La parenthèse historique est terminée. Revenons au film qui sert donc pour Foreman à pointer du doigt l’HUAC. Les bandits qui reviennent au bout d’un certain temps pour avoir la peau du shérif, qui n’arrive pas à trouver de soutien, incarnent l’HUAC qui accuse les artistes d’Hollywood et qui est tellement effrayante que peu de personnes n’osent l’affronter. Cette lecture cachée ne saute pas aux yeux mais elle a pourtant été immédiatement comprise à Hollywood : John Wayne, conservateur modèle, a détesté ce film qu’il juge anti-américain. Elia Kazan s’est senti obligé de réponde de la même façon : en réalisant un (néanmoins très bon) film justifiant son point de vue et donc la délation : On the Docks (Sur les Quais). High Noon a donc eu un fort impact sur le Hollywood de l'époque. Il est d'ailleurs amusant de remarquer que Gary Cooper qui interprète magistralement ce shérif, symbole des artistes d'Hollywood isolés car soupçonnés de communisme, est un conservateur affirmé.

 

High noon gang

 L'HUAC prête à en découdre avec la pourriture communiste

High Noon est un grand et étrange western. Son rythme particulier le distingue des autres chefs d'oeuvre du genre et lui donne une tonalité singulière particulièrement plaisante. Le scénario et la mise en scène nous font partager la peur croissante d'un shérif isolé mais déterminé.
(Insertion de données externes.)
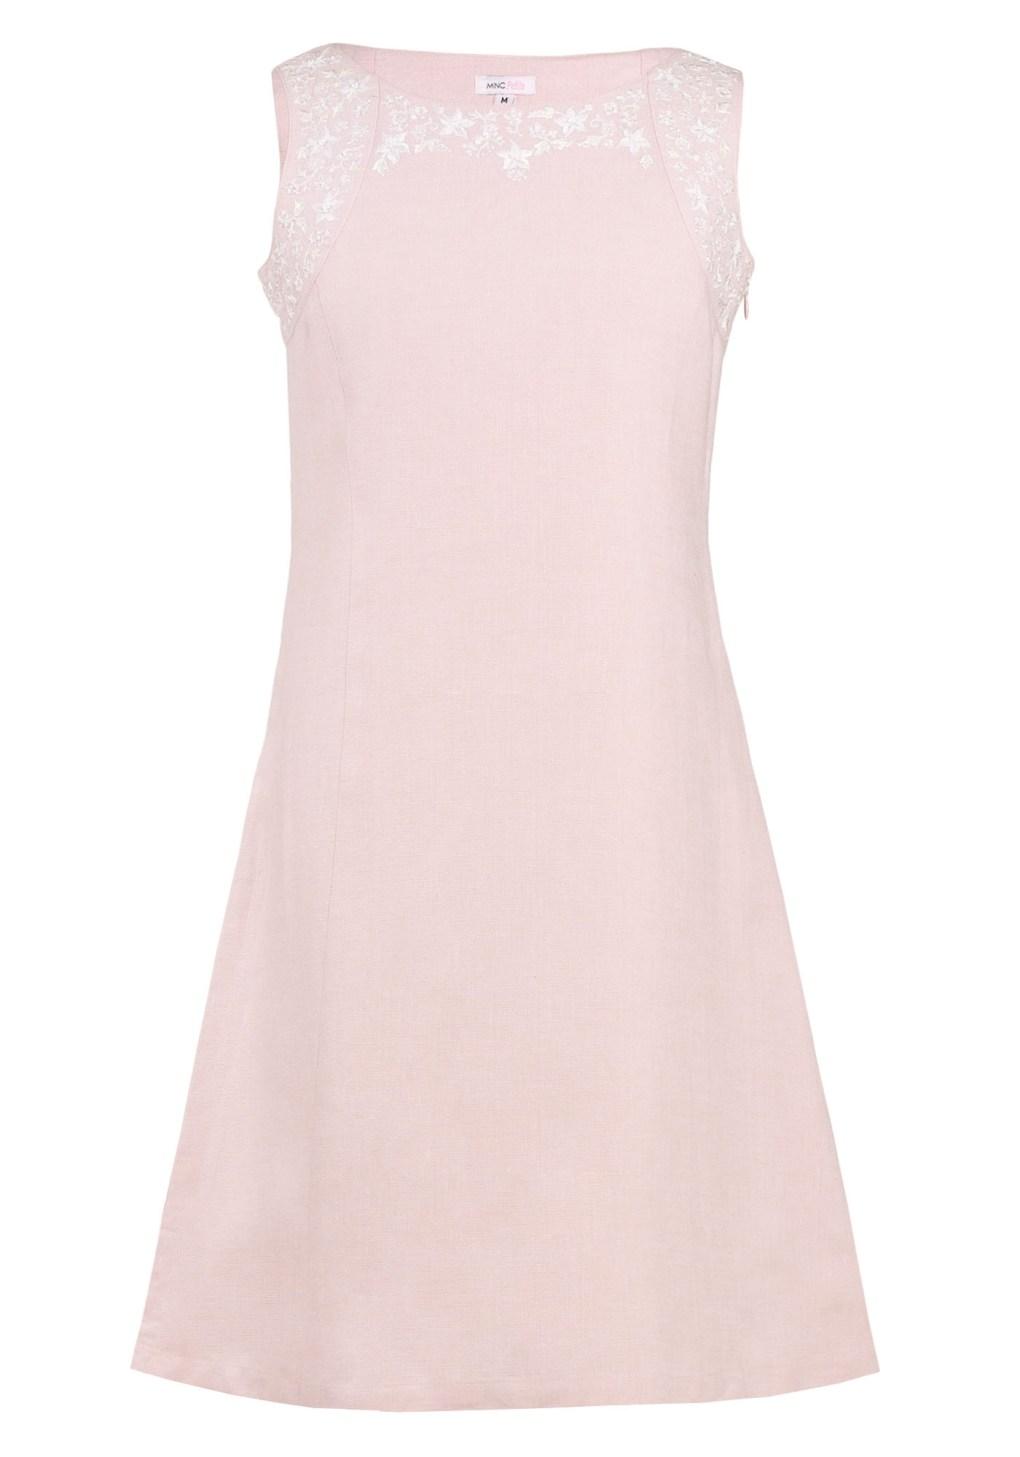 MINC Petite Girls Embroidered Short Dress in Light Pink Linen

Le contexte de l'époque donne une dimension supplémentaire à l'oeuvre en l'inscrivant dans une des périodes les plus troubles du rapport entre Hollywood et le monde politique.

4 1

 

Mehdi Khnissi

Enfant caché de Jean Grey et de Babar, je collectionne les bilboquets en bois.

Je regarde beaucoup de films longs et lents pour oublier l'absurdité de nos vies et je joue à FIFA aussi.

Aucune note. Soyez le premier à attribuer une note !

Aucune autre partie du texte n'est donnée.